Abstract

With various added services in future wireless communication systems, the demand for fast and highly reliable data transmissions is continuously increasing. Multiple access interference (MAI) in direct-sequence code division multiple access (DS-CDMA) and constrained capacity in single-input single-output (SISO) are the major obstacles to achieve this purpose. For overcoming these limitations, the use of multiuser detection (MUD) and multiple-input multiple-output (MIMO) is necessary. In the area of error control coding, the Chase algorithm, which takes advantage of the different reliabilities of the received symbols and focuses on correcting the error in the weakest symbols, can achieve a near maximum-likelihood (ML) performance and with significant complexity reduction. In this thesis, we discuss the application of the Chase algorithm in multiuser detectors for the SISO-CDMA and MIMO-CDMA systems. In the SISO-CDMA systems, we develop a parallel interference cancellation (PIC) scheme using the Chase algorithm after the matched filters (MFs). This scheme is called Chase-PIC. Instead of optimizing the weight of each user as most of PIC detectors do, this detector provides a new optimizing approach right after the MFs. Based on the analysis of the complexity and performance over the flat and frequency-selective Rayleigh fading channels, we also propose a new Chase based multistage PIC that uses the normalized least-mean-square (NLMS) algorithm at the earlier stages and the Chase algorithm at the later stages.

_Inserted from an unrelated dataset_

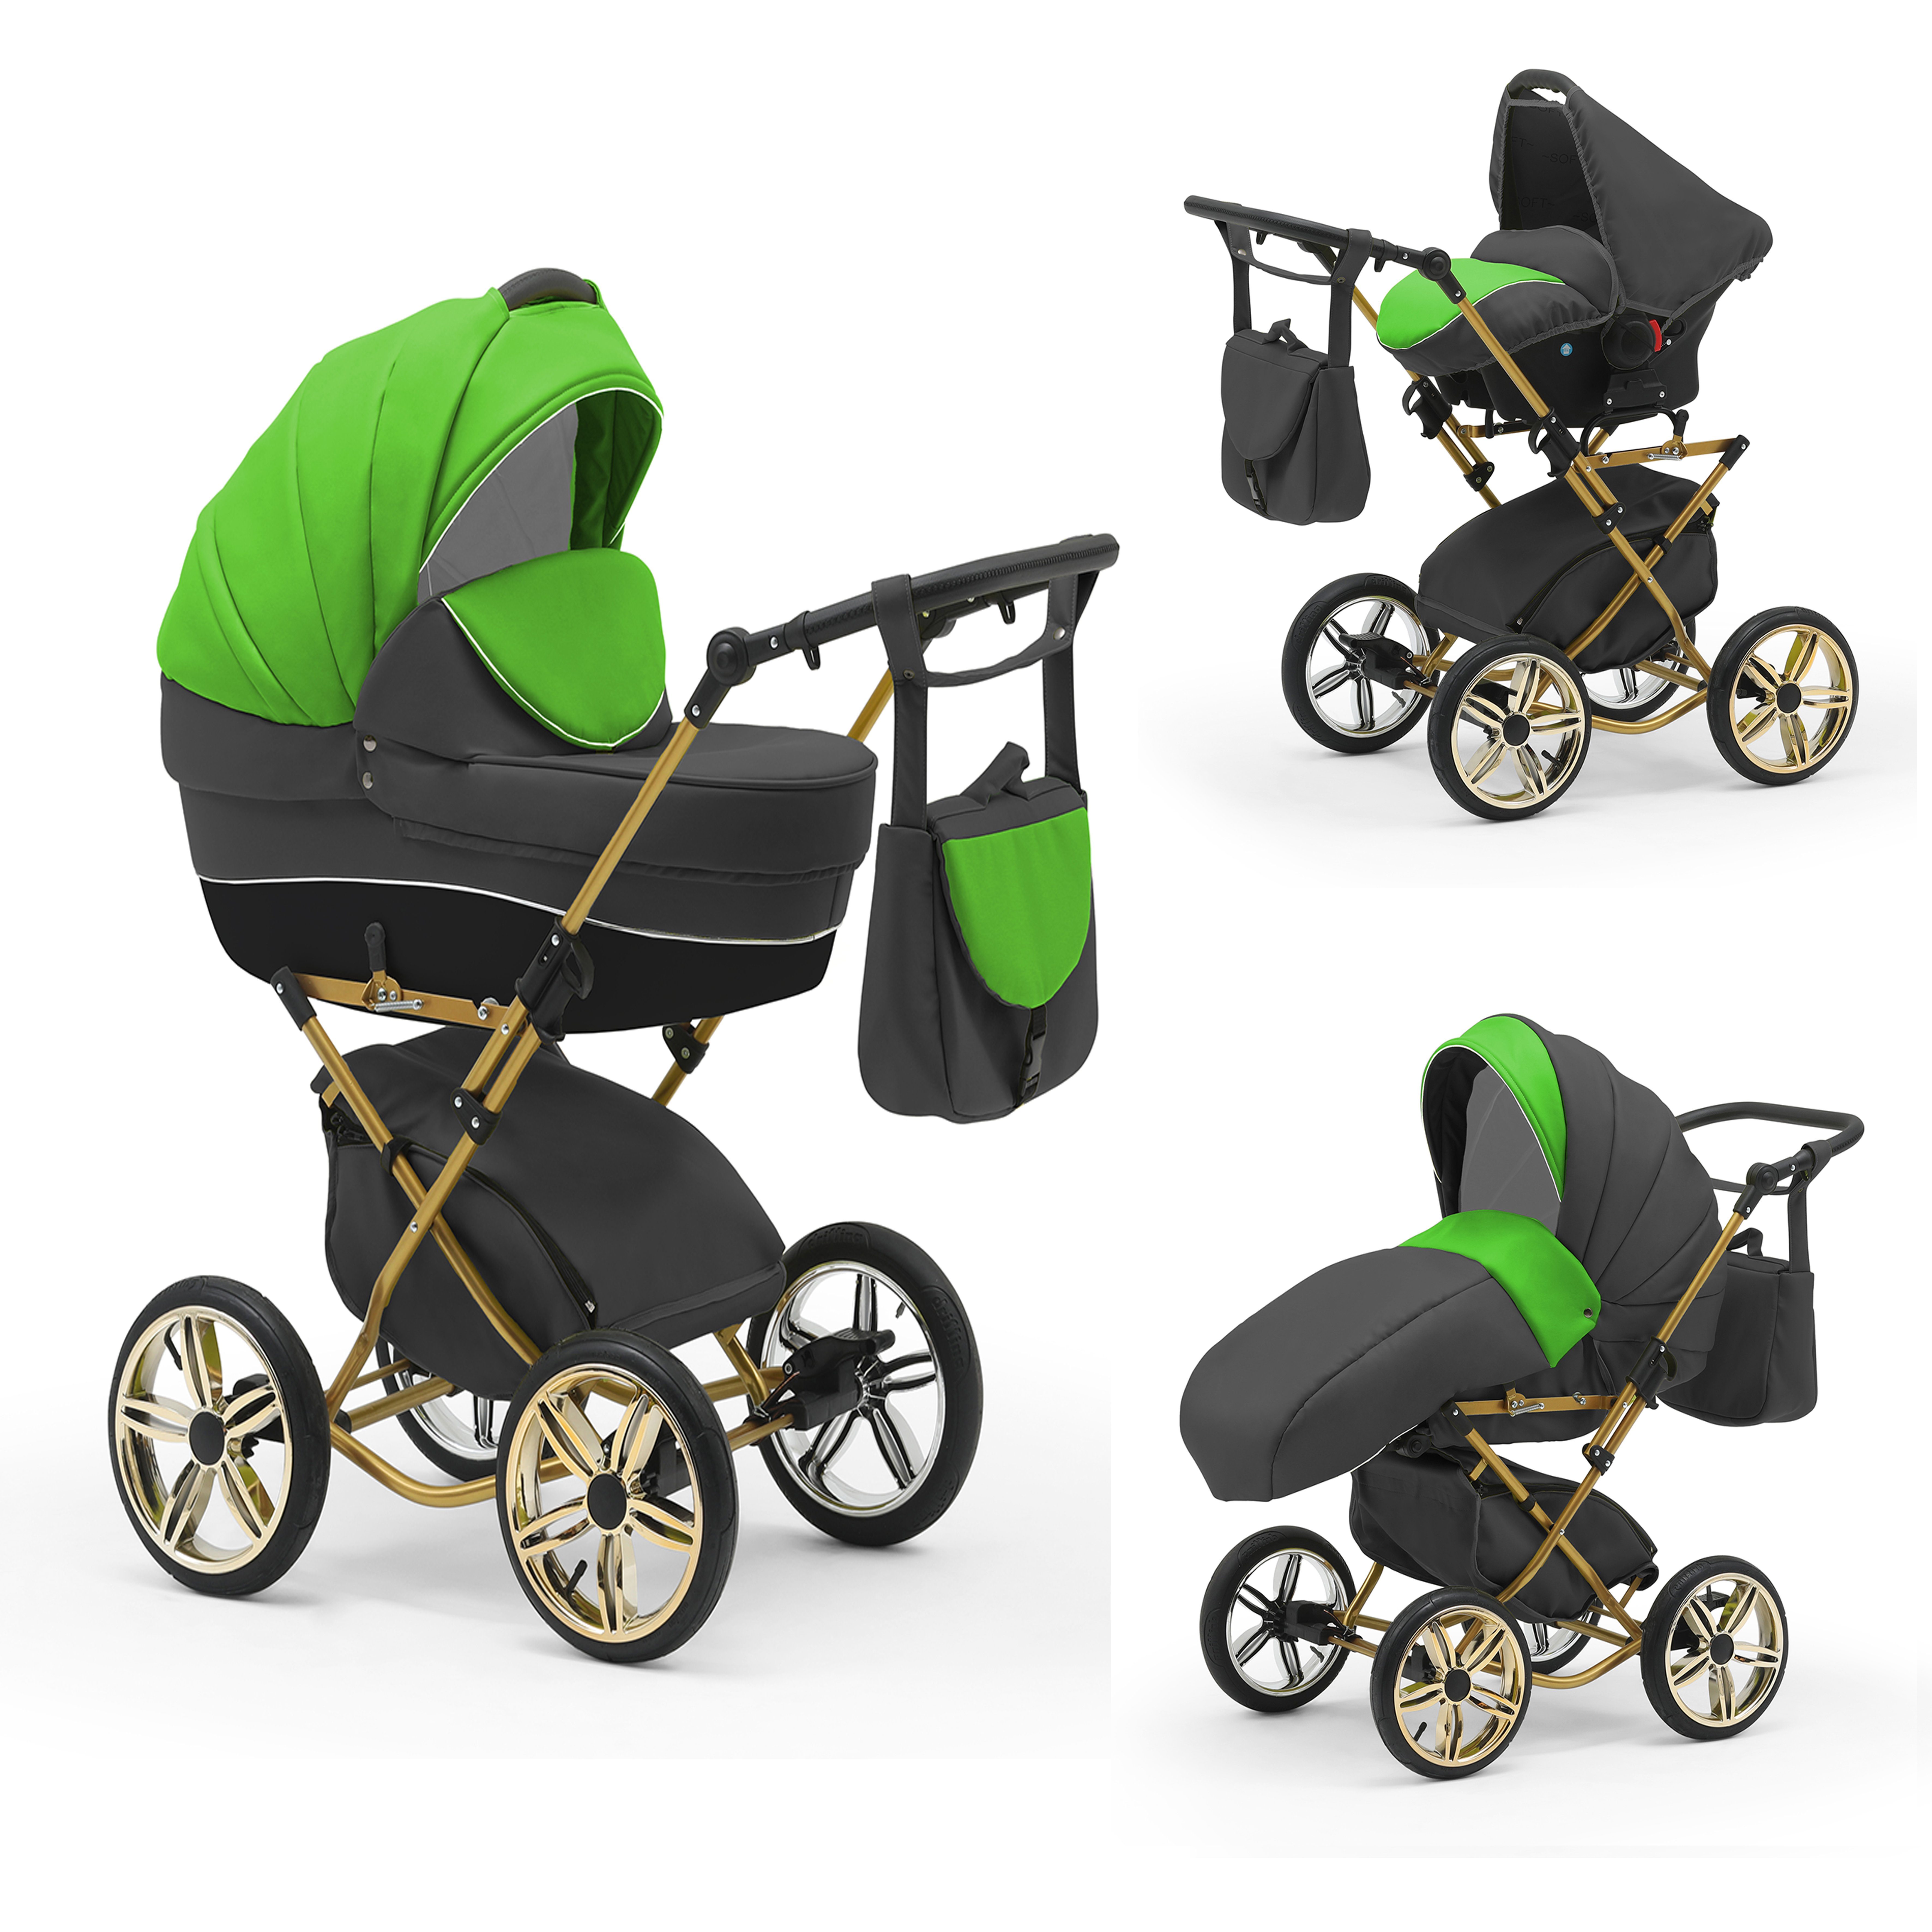 babies-on-wheels Kombi-Kinderwagen Sorento 3 in 1 inkl. Autositz - 13 Teile - in 10 Designs Grün-Grau

This proposed scheme can achieve a better performance than NLMS-PIC but with less complexity. In the MIMO-CDMA systems, we proposed a new Chase based multiuser detector over the flat Rayleigh fading channels. This detector focuses on correcting the error of the weakest detected symbol in the layered space-time multiuser detector (LAST-MUD). Compared to another Chase based detector, B-Chase, the proposed scheme has less complexity but with the tendency of achieving better performance at high signal-to-noise ratio (SNR).